AfDB extends US$4,2m for parastatal reform

19 Feb, 2017 - 00:02 0 Views
AfDB extends US$4,2m for parastatal reform

The Sunday Mail

Business Reporter
THE African Development Bank (AfDB), an Abidjan, Ivory Coast-based Pan African lender, has extended US$4,2 million to Zimbabwe to facilitate parastatal reforms under the Institutional Support for State Enterprise Reform and Delivery Project (ISERDP). Government is determined to make state-owned enterprises (SOEs), which are largely viewed as key enablers to economic growth, efficient and effective.
It is believed that AfDB’s institutional support fund will help finance forensic audits for entities that are targeted for transformation. Zimbabwe has 91 SOEs, many of which are currently a drag on the fiscus.
In a statement released by the Ministry of Finance and Economic Development, Minister Patrick Chinamasa said, “The Government of Zimbabwe has received a grant (US$4,2 million) from the African Development Fund to finance the Institutional Support for State Enterprise Reform and Delivery Project (ISERDP).
“The principal objective of this project is to strengthen the result-based management system within Government and improve efficiency of the State Enterprises and Parastatals.
“The project specifically aims at supporting the Government of Zimbabwe in enhancing corporate governance compliance and delivery, and performance review of selected state enterprises, through technical assistance.”
Most parastatals are plagued by working capital challenges, ballooning wage bills and unsustainable legacy debts.
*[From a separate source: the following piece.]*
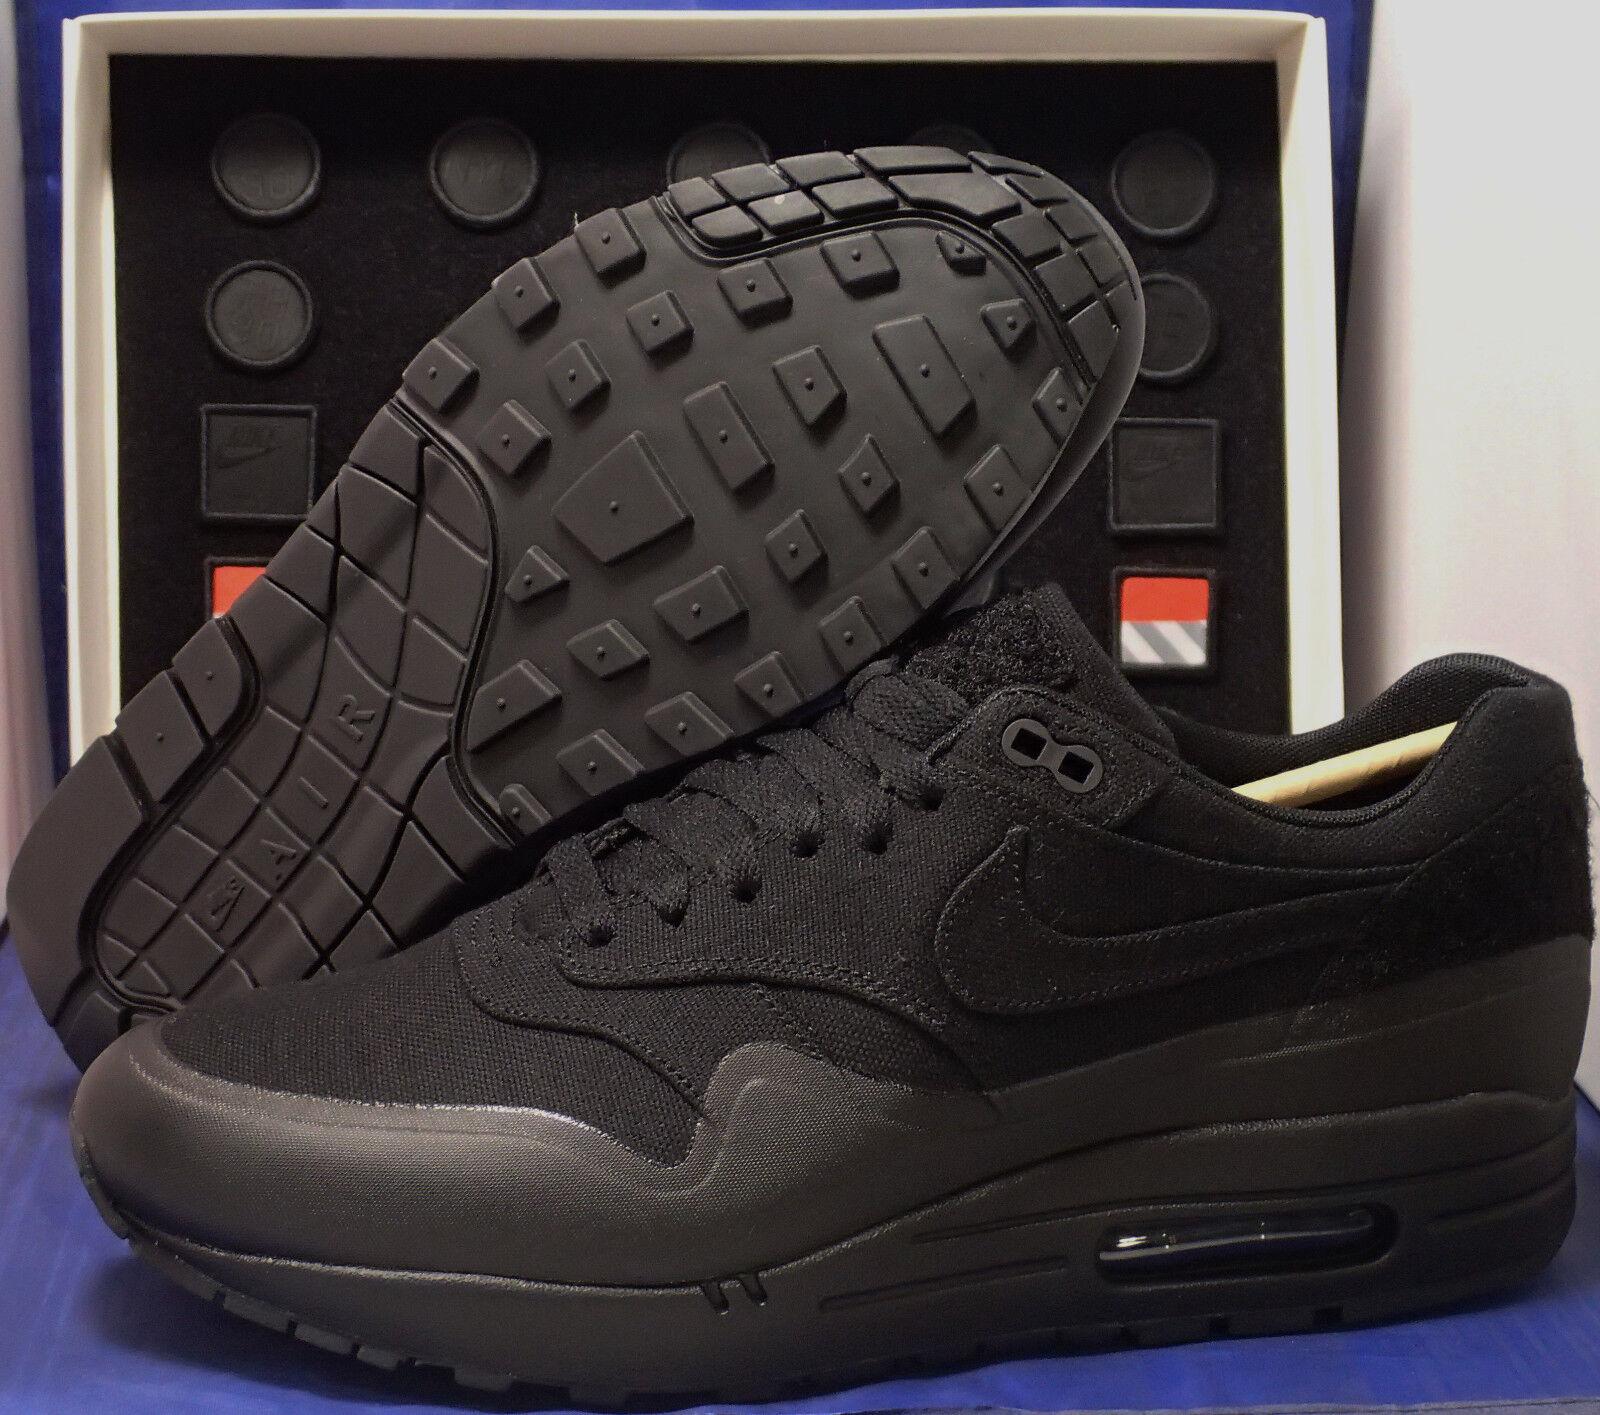 Nike Air Max 1 V SP Patch Black NikeLab USA Price reduction Brand discount

Experts say there is need to corporatise, commercialise and unbundle struggling public entities. In 2015, Government launched an initiative to re-engineer SOEs by reducing costs to the fiscus, enhancing service delivery and improving accountability. The first phase is prioritising 10 enterprises that include Industrial Development Corporation of Zimbabwe (IDCZ), Zimbabwe National Water Authority (ZINWA), Civil Aviation Authority of Zimbabwe (Caaz), Agricultural and Rural Development Authority (Arda), Air Zimbabwe, Cold Storage Company (CSC), Grain Marketing Board (GMB), National Railways of Zimbabwe (NRZ), TelOne, Zimbabwe Iron and Steel Company, and Zimbabwe Power Corporation (ZPC).
Audits for GMB and CSC have so far been completed, while turnaround strategies for TelOne, Zinwa and IDCZ have been submitted to Cabinet for approval. Currently, strategic and technical partners for Air Zimbabwe and the NRZ are being sought.
There are also plans to unbundle Caaz into two distinct units – the commercial and regulatory entity. Agricultural concern, Arda, is in the process of forging joint venture partnerships with private sector companies. As part of Government plans to prop up the infrastructure and utility cluster – a key pillar of economic blueprint, Zim-Asset – the 2017 National Budget allocated more than US$188 million which will be complemented by additional resources from statutory funds, development partners and loan financing. Despite demonstrably positive results from privatisation, the process has over the years been bogged down by lack of funding and redtape.
Dairibord was successfully privatised in June 1999.
The milk processor has become one of the largest counters on the Zimbabwe Stock Exchange (ZSE).
Other companies that have successfully followed the same route are Cottco, CBZ Holdings, Rainbow Tourism Group and diversified financial services group, Zimre Holdings.